The relevance of the Darjeeling precedent to the present research question is instructive but also reveals the framework’s limitation. While the decision confirms robust enforcement of geographical designation rights, it simultaneously illustrates the law’s silence on the design dimension. A manufacturer could legally produce tea marketed with a visual identity strongly associated with Darjeeling through typography, imagery or colour palettes referencing Himalayan tea culture without incurring GI liability, provided the word “Darjeeling” itself is not used. This distinction maps directly onto the textile misappropriation problem: luxury brands may appropriate the design vocabulary of Banarasi or Kanchipuram textiles while remaining insulated from GI infringement liability.
Consorzio del Prosciutto di Parma v Asda: Extended GI Protection and the Presentation Standard
In Consorzio del Prosciutto di Parma v Asda Stores Ltd, the European Court of Justice extended the scope of protection for Protected Designations of Origin (PDOs) beyond the mere use of the designation to encompass certain aspects of product presentation.[20] The Court held that the PDO for “Parma Ham” required slicing and packaging to occur within the designated region because these processes were integral to preserving the quality and reputation associated with the designation.

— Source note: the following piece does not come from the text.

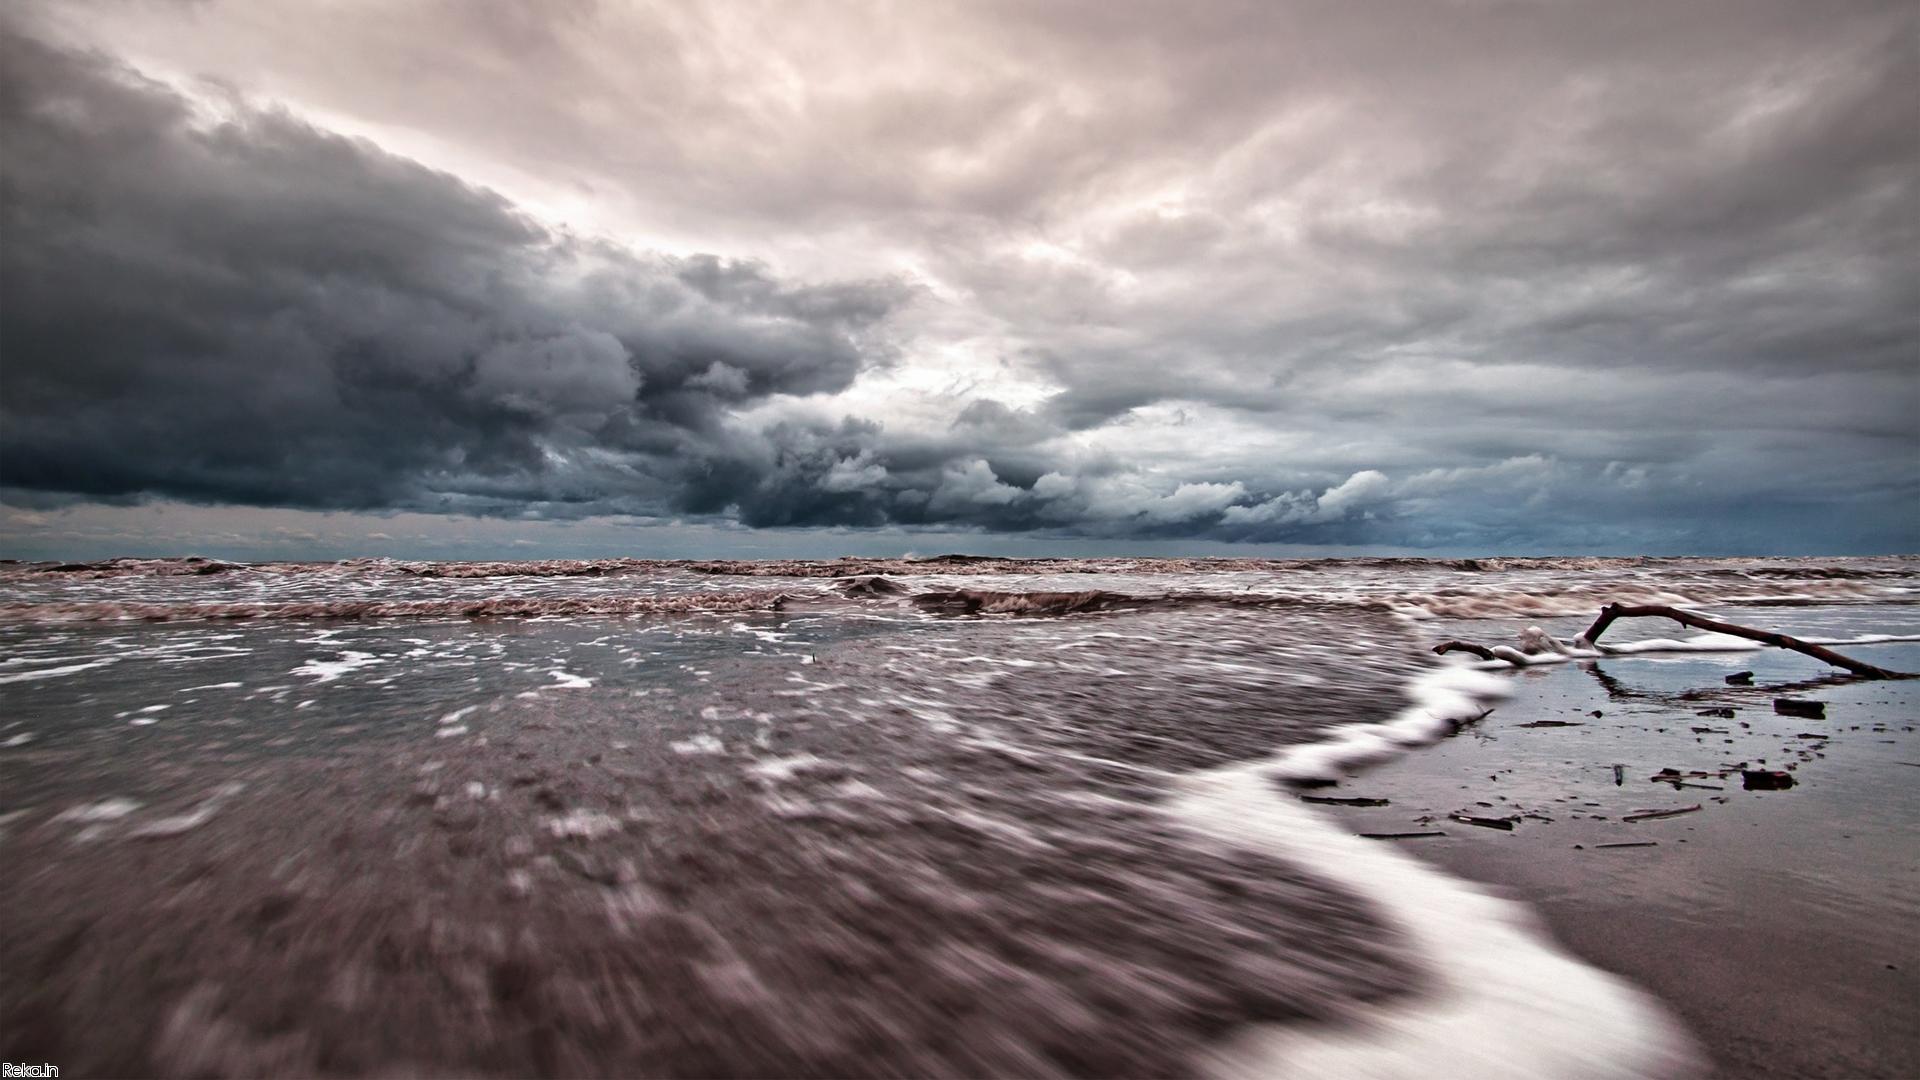 Stormy Ocean Wallpaper - 52DazheW Gallery

Although this case arose within the European PDO regulatory framework, its reasoning is relevant to debates concerning reform of the Indian GI regime. The ECJ’s logic—that GI protection may legitimately extend to characteristics contributing to the product’s reputation—suggests a broader understanding of what constitutes the protected subject matter of a geographical indication. Applied analogically, if the integrity of Parma Ham justifies protection over slicing techniques and presentation, then the argument that Banarasi brocade or Kanchipuram silk GIs should extend to their distinctive motif structures and aesthetic grammar becomes doctrinally plausible.
Evocation Doctrine in European GI Jurisprudence
A more expansive approach to GI protection emerged in Scotch Whisky Association v Michael Klotz[21], The Michael Klotz and Golden Bottling rulings establish an “evocation doctrine,” penalizing imagery that prompts consumer association with a protected GI. Since India’s 1999 Act lacks this mechanism, adopting a similar standard would enable enforcement against luxury brands exploiting traditional design vocabularies, even when the protected geographical name is omitted.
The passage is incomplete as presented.